WHAT THE EXERCISE ASKS:
In the entries below, begin at the line that has "Ατσαλένιο Δαχτυλίδι Arrow" and stop after the line that has "エレピとトランペットで陽気なレゲエ調♪の再生済みの波形"; output those lines exactly, leaving out pictures.

*** Opening of STORED DATA ***

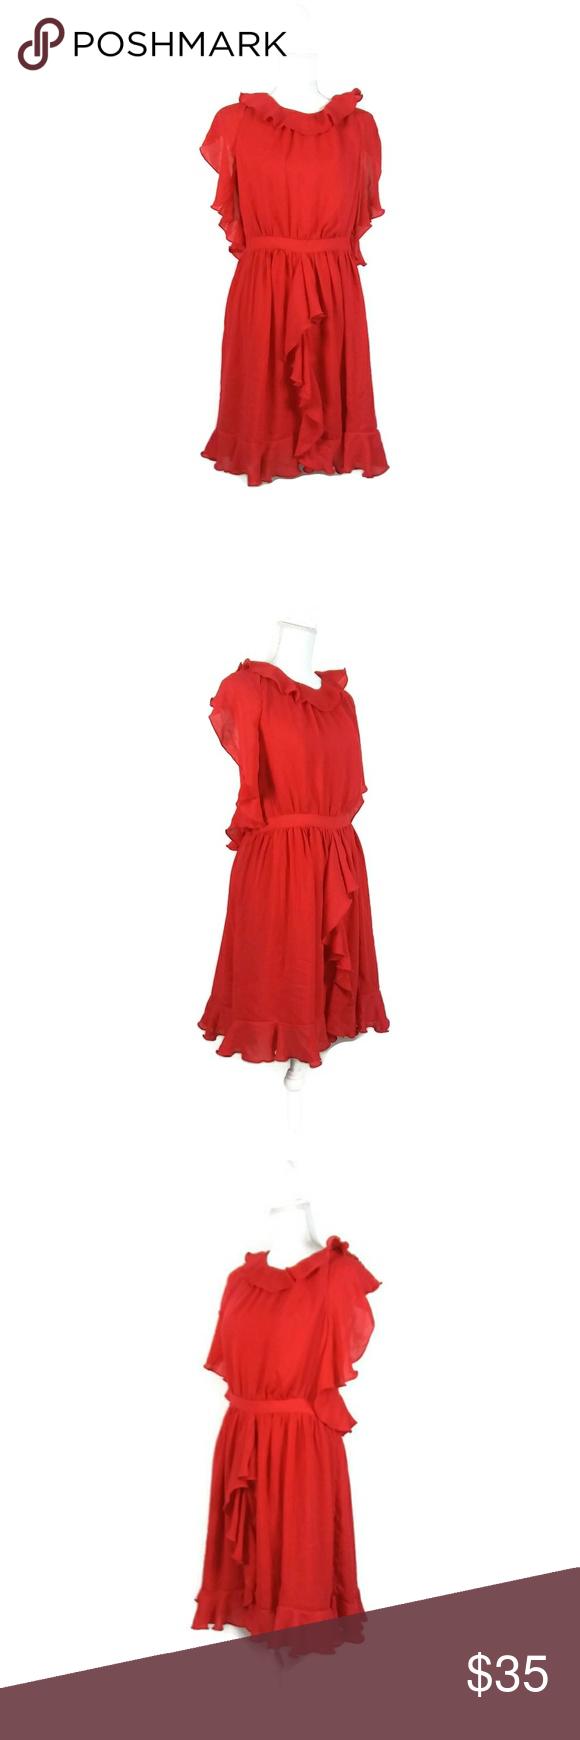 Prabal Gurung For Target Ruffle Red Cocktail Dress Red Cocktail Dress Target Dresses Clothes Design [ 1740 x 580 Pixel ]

*** Close of STORED DATA ***
*** Opening of STORED DATA ***

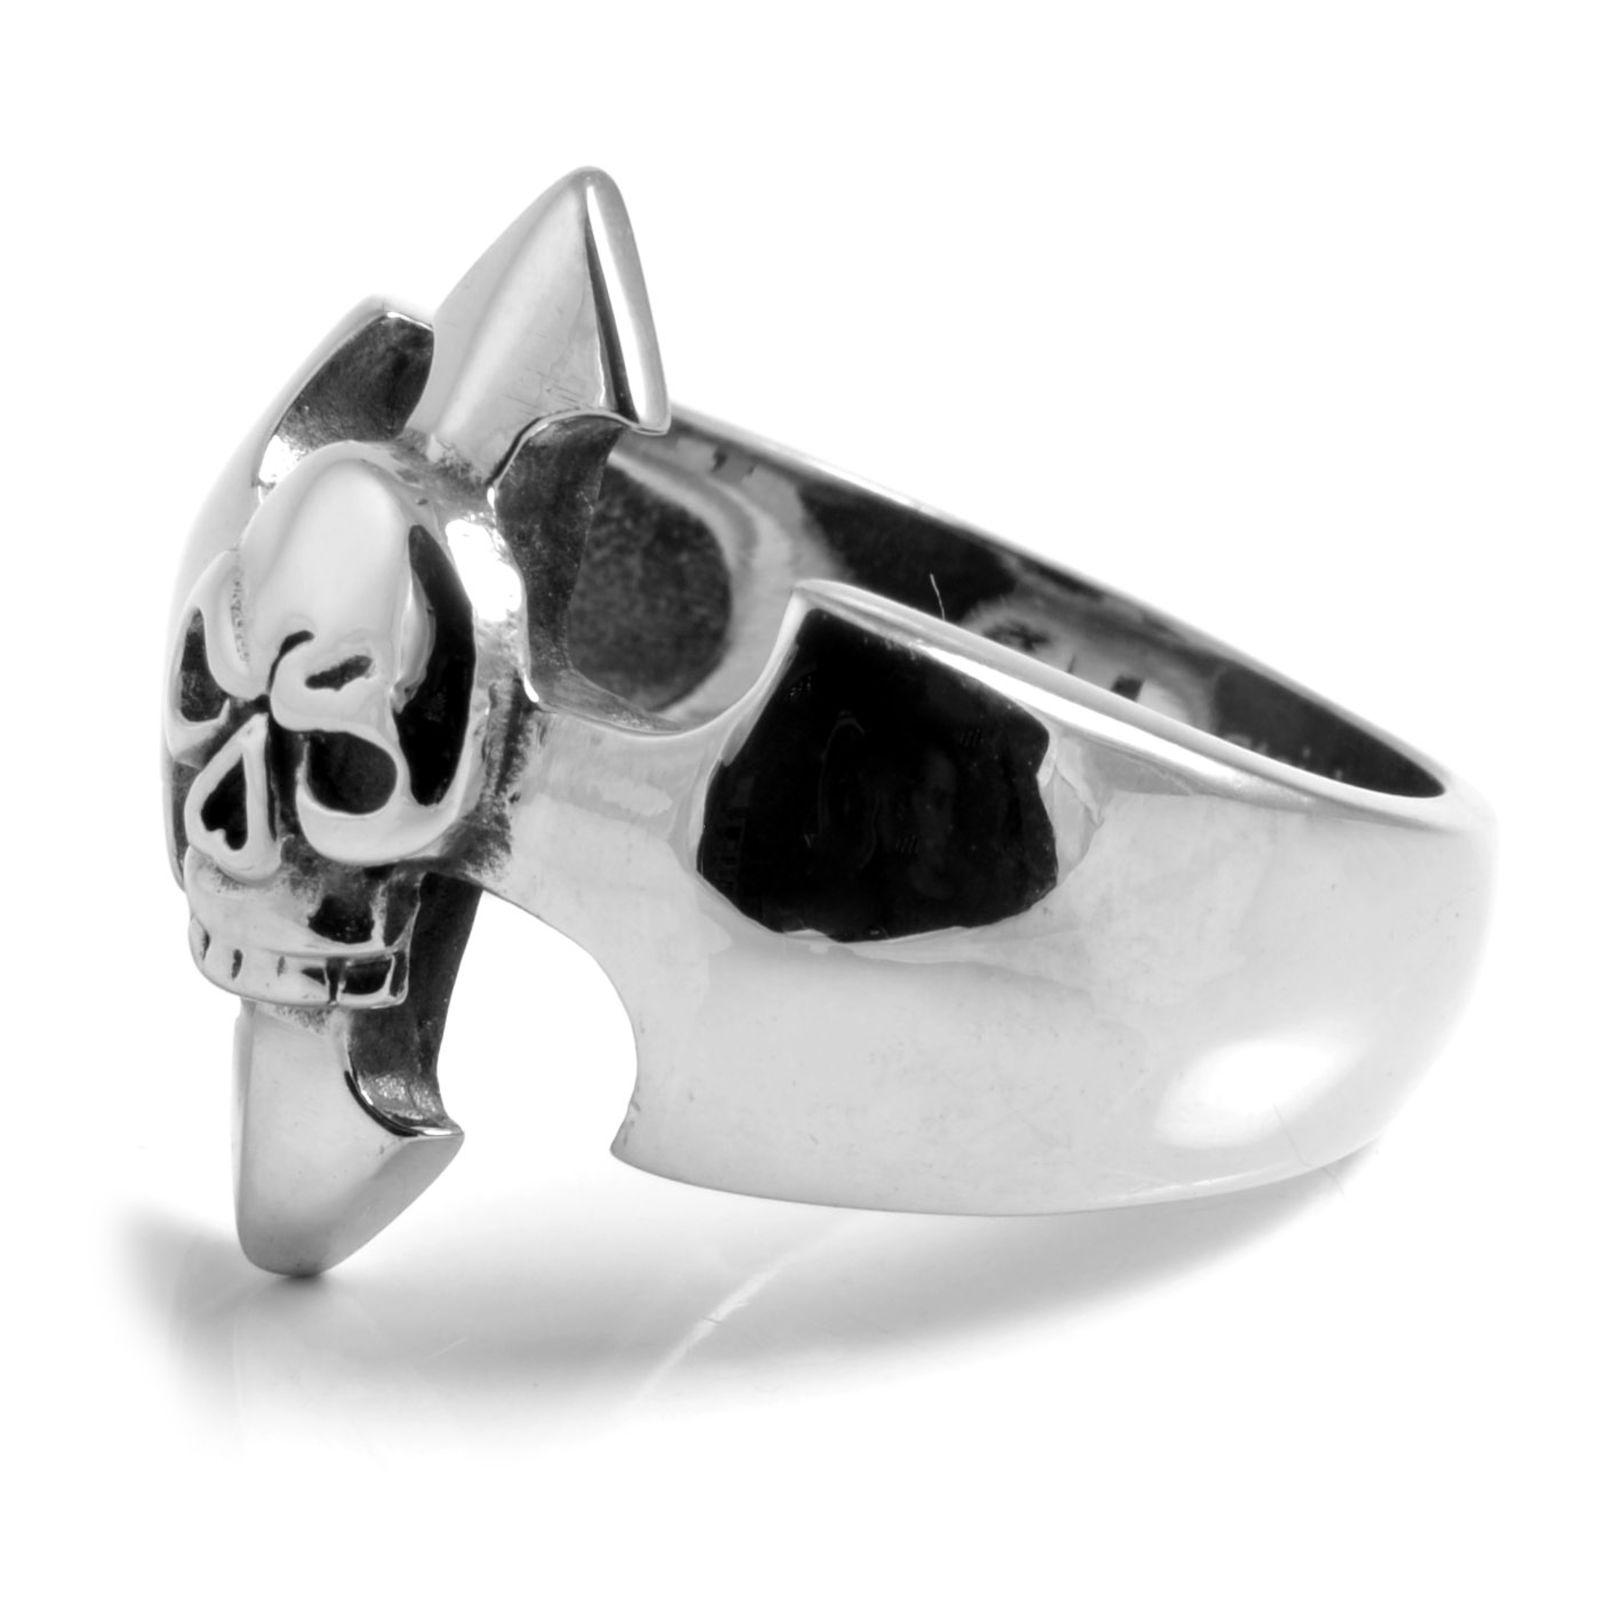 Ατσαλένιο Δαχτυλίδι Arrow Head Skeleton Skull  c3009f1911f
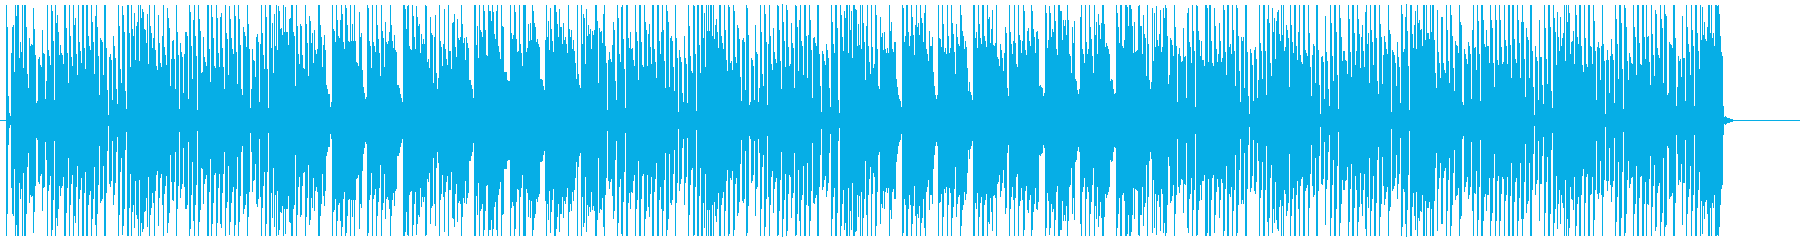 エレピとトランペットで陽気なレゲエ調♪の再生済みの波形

*** Close of STORED DATA ***

COMPLETED TASK:
 Ατσαλένιο Δαχτυλίδι Arrow Head Skeleton Skull  c3009f1911f
 エレピとトランペットで陽気なレゲエ調♪の再生済みの波形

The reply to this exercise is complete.